话语分析研究普遍认为话轮(turn)是构成自然会话的基本单位,话轮转换(turn-taking)则是基本的言说转换机制(speech-exchange system)。然而,关于话轮和话轮转换的界定问题,学界却一直存在争论。这是因为,在自然会话中,话轮转换的过程常常不是井然有序的。而其中最主要的原因之一,就是在各种类型的会话当中都普遍存在的会话双方甚至多方同时发言的现象。Sacks(1974)的研究中已经涉及了这种现象,并将这种在同一交谈中两人或两人以上同时说话的现象称为“overlap”[1]。

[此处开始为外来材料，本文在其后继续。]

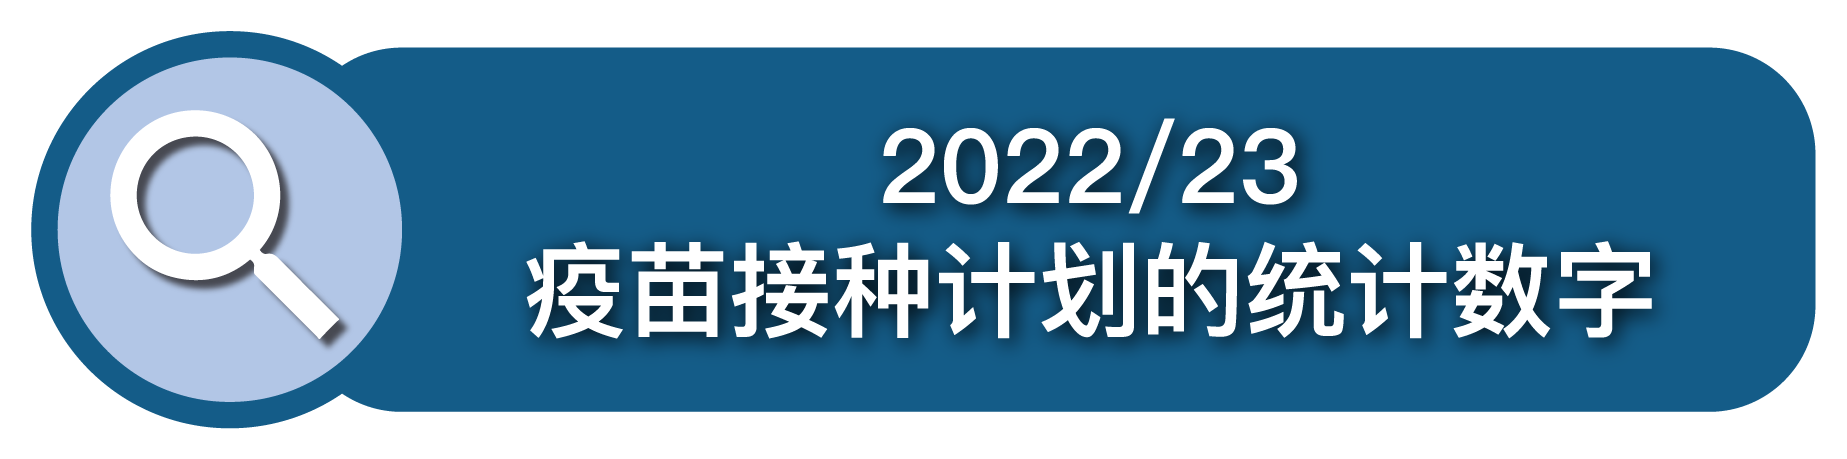 2022/23 疫苗接种计划的统计数字

此后,Tannen(1980)、Jefferson(1983、1987)、Fasold(2000)、Schegloff(2000)、Sidnell(2010)都对这种现象展开了一系列的研究,讨论的分歧点主要在于这种现象是否多存在于话轮转换相关位置(transition relevance place,TRP)和是否会对会话产生破坏和干扰。何兆熊(1989)、王得杏(1998)、李月娥(2002)在介引国外语言学理论的过程中将“overlap”的概念引入中国,称其为“话语重叠”。匡小荣(2006)在搜集大量语料的基础上,对汉语口语中的重叠现象进行了研究,根据是否会抢占话轮、干扰会话将重叠分为了争夺性重叠和非争夺性重叠[2]。李先银、石梦侃(2020)鉴于“重叠”在汉语语法研究中已有所指,提出了“话语交叠”这一概念,并认为交叠现象表现了当前言谈者或会话的合作或抵抗,不同的会话类型中交叠的分布情况也有所不同[3]。

法庭审理具有严格的程序和规范,庭审话语也往往被认为是井然有序甚至高度程式化的一种语体,但在现实的庭审话语中也依然存在着一些互动冲突的现象。廖美珍(2002)根据真实庭审语料对庭审话语中的两种冲突现象——打断(interrupt)和重叠(overlap)进行了分析;
指出打断是指一方正在说话时,另一方打断他(她)的话,使其正在进行的话语中断,重叠则是指多个话语在时间上部分或全部重叠。廖文认为打断人具有更大的威势,而被重叠人更显示出挑战和执着的一面[4]。法庭审理具有明显的权力非对称性和层级性,庭审话语也是一种典型的机构话语(ordinary or casual conversation and institutional talk)。Levinson(1983)指出机构话语中谈话者的地位不平等,所以互动意义也不对称,其话轮控制、话轮转换都会受到机构语境的限制[5]。在理想的庭审话语中,发出打断的一定是话语权等级较高的角色,且一旦这些话语角色开始控制或介入话轮,其他话语权等级较低的角色也应立即服从,中止发言,不应出现多人同时持续说话的现象。所以,如果说庭审话语中的冲突现象是一种违反秩序的特殊现象,那么相较于打断,话语交叠就更加特殊了。采用话语分析和互动语言学(Couper-Kuhlen & Selting 2018;方梅等2018)相结合的视角,再次对这种特殊现象进行深入分析对进一步探究话轮转换规则、话语交叠特点、庭审话语特点及庭审话语规范化都具有重要意义。本文拟基于中国庭审公开网上的真实庭审语料,选取2020年、2021年公开审理的刑事案件、民事案件、行政案件各5个,对当前我国庭审中的话语交叠现象进行考察,试图得出定性与定量相结合的理论结果,并对我国庭审话语规范化提出合理建议。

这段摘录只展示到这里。